I want to merge static data with time varying data.
First dataframe
a_columns = pd.MultiIndex.from_product([["A","B","C"],["1","2"]])
a_index = pd.date_range("20100101","20110101",freq="BM")
a = pd.DataFrame(columns=a_columns,index=a_index)#A
Second dataframe
b_columns = ["3","4","5"]
b_index = ["A","B","C"]
b = pd.DataFrame(columns=b_columns,index=b_index)

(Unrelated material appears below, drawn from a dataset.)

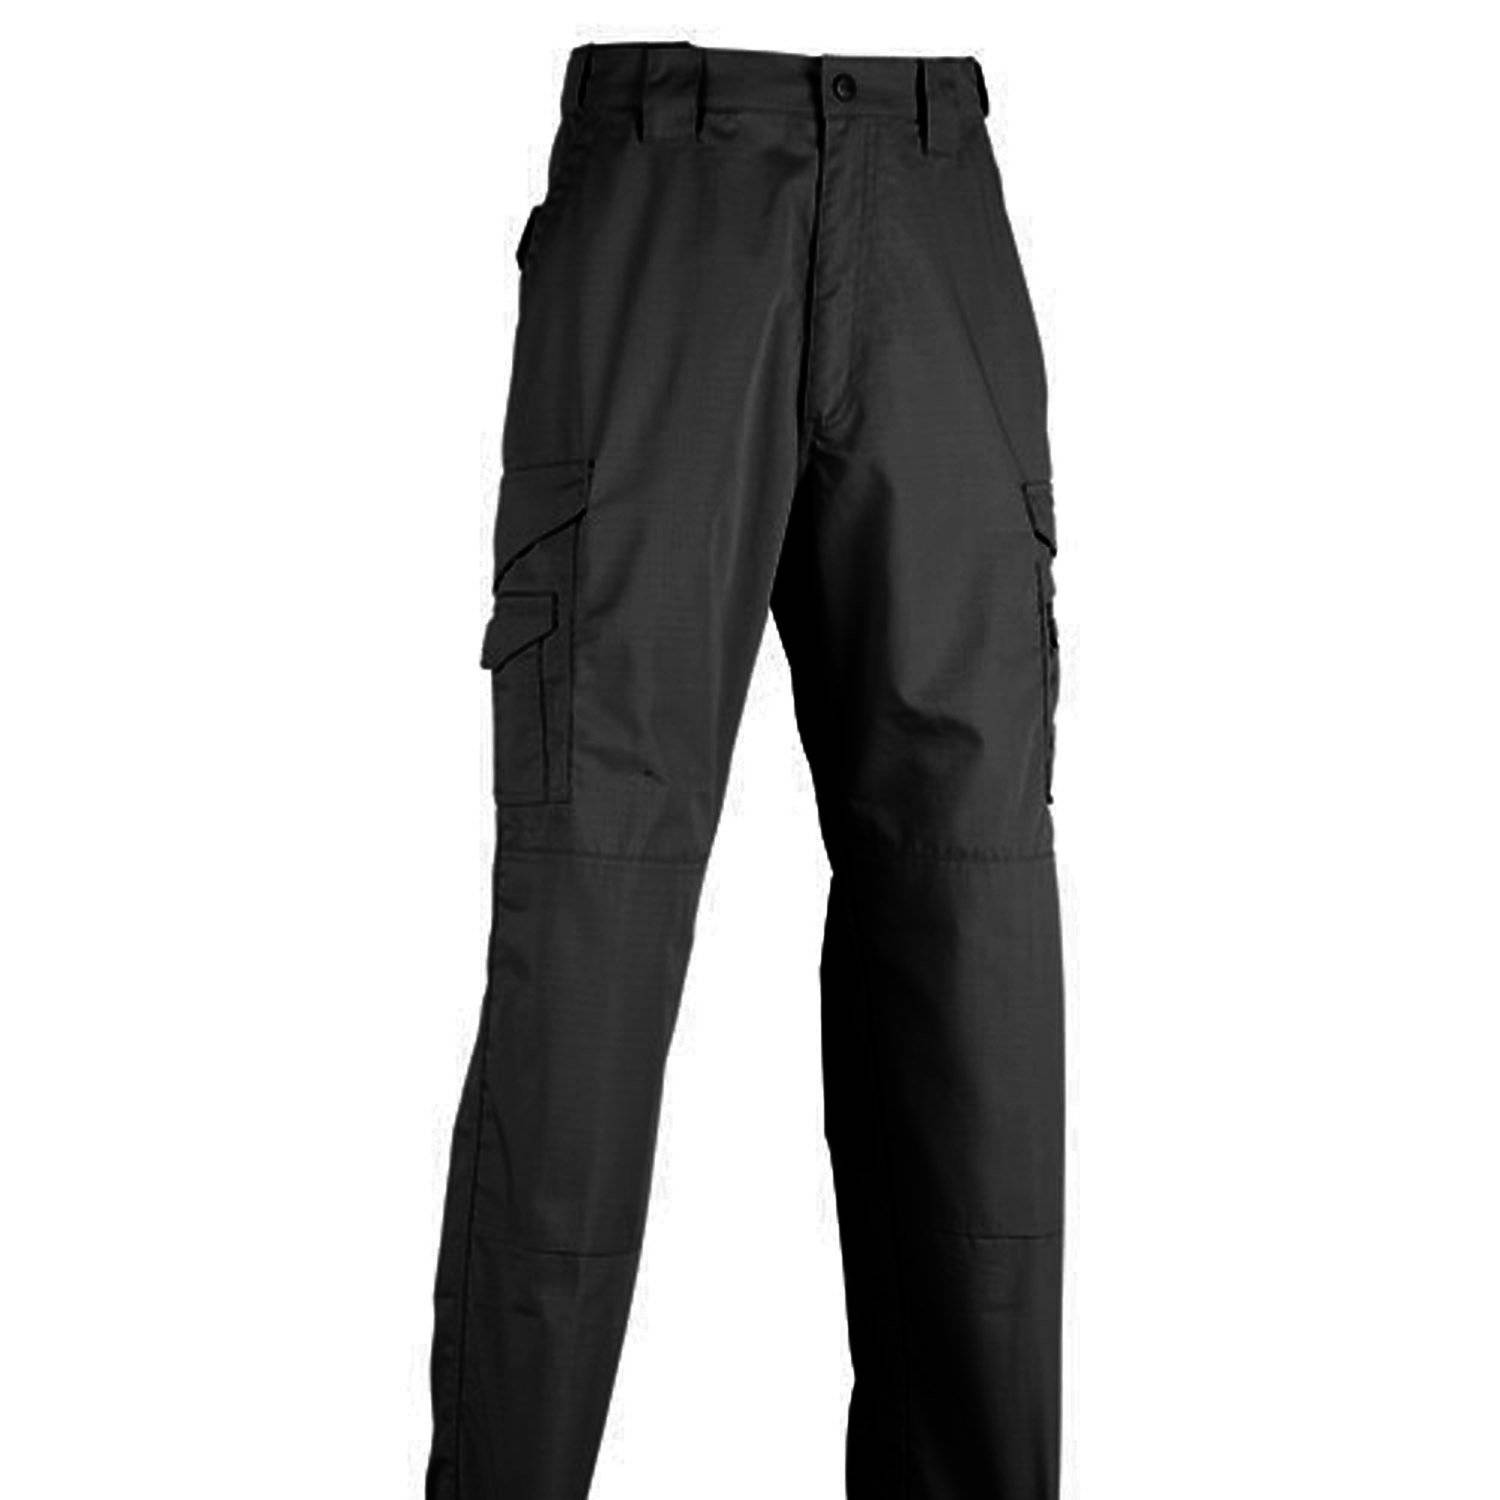 TRU-SPEC 1061005 24-7 Poly Cotton Ripstop Trousers Dark Navy W34 L32 for sale online

How do i join these two? My desired dataframe has the form as A but with additional columns.
Thanks!
I think you need reshape by stack and then create df by to_frame - for concat need Datetimeindex, so new index was from first value of index of a.
Last concat + sort_index:
#added some data - 2
a_columns = pd.MultiIndex.from_product([["A","B","C"],["1","2"]])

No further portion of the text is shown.